Падре Амаро плохо видел сквозь слезы ярости, туманившие ему глаза; он медленно вытер платком лоб, перевел дух и сказал дрожащими губами:
– Не знаю, коллеги, что и думать! Бог видит правду. Все это клевета, грубая клевета.
– Подлый поклеп… – загудели священники.
– По-моему, – продолжал падре Амаро, – мы должны обратиться к властям!
– И я так говорю, – поддержал Натарио. – Надо поговорить с секретарем Гражданского управления…
– Нет, тут нужна дубина! – зарычал падре Брито. – Что власти! Надо поколотить его палкой! Я бы из него дух вышиб!
Тогда каноник, который размышлял, почесывая подбородок, сказал:
– Натарио, вы должны пойти к секретарю. Вы владеете словом, мыслите логично…
– Если таково решение коллег, – сказал Натарио, поклонившись, – то я пойду. Скажу им все, что следует, этим властям!

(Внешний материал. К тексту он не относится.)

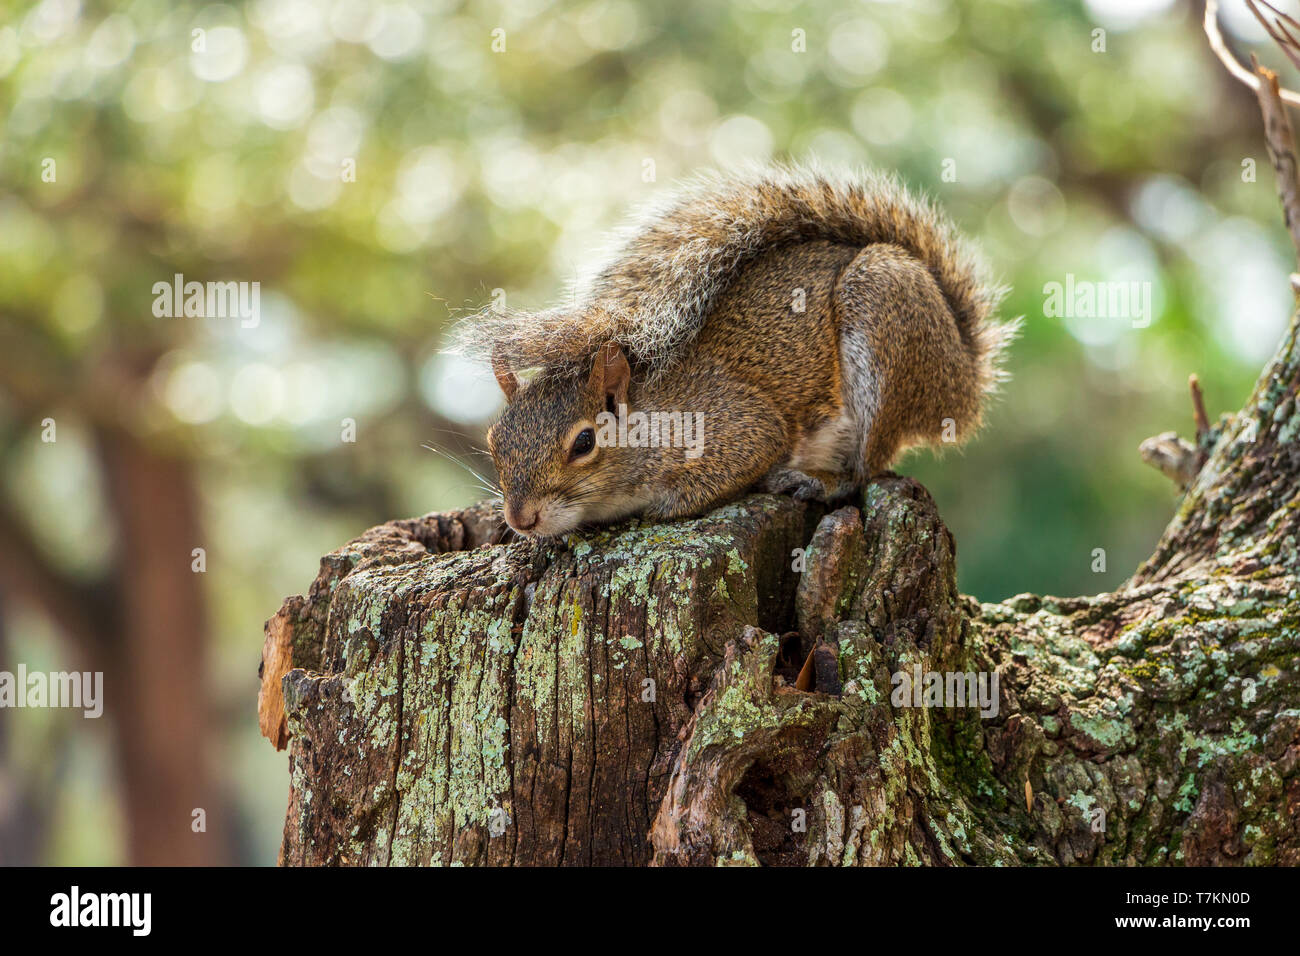 Grigio orientale scoiattolo (Sciurus carolinensis) in posizione difensiva con coda su retro - Topeekeegee Yugnee (TY) Park, Hollywood, Florida, Stati Uniti d'America Foto Stock

Амаро сидел за столом, обхватив голову руками, совершенно уничтоженный. Либаниньо скулил:
– Ох, милые, про меня-то ничего нет… но как послушаешь этакое… Ей-богу, поджилки так и трясутся. Ох, чада мои, что же это за напасть…
Но на лестнице послышался голос доны Жоакины Гансозо; каноник сейчас же сказал вполголоса:
– Коллеги, при дамах лучше к заметке не возвращаться. Довольно и того, что было.
Через минуту, как только вошла Амелия, Амаро поднялся, сказал, что у него разболелась голова, и откланялся.
– Как, и чаю не выпьете? – огорчилась Сан-Жоанейра.
– Нет, милая сеньора, – ответил он, запахивая плащ. – Мне что-то нездоровится. Доброй ночи… А вы, Натарио, загляните завтра около часу в собор…
Он пожал руку Амелии, которая была так убита, что даже не ответила на его рукопожатие, и вышел, понуро горбясь.
Расстроенная Сан-Жоанейра заметила:
– Сеньор падре Амаро сегодня такой бледный…
Каноник сказал с ядом:
– Что? Он сегодня бледный? Ничего, завтра будет красный. А теперь скажу одно: этот газетный пасквиль – злостная клевета! Я не знаю, кто его написал и с какой целью. Но все это чепуха и подлость, а автор дурак и негодяй, кто бы он ни был. Что предпринять – уже решено. Впрочем, не слишком ли много внимания мы уделяем этой статейке? Попросим сеньору напоить нас чаем, а там видно будет. О статье больше ни слова.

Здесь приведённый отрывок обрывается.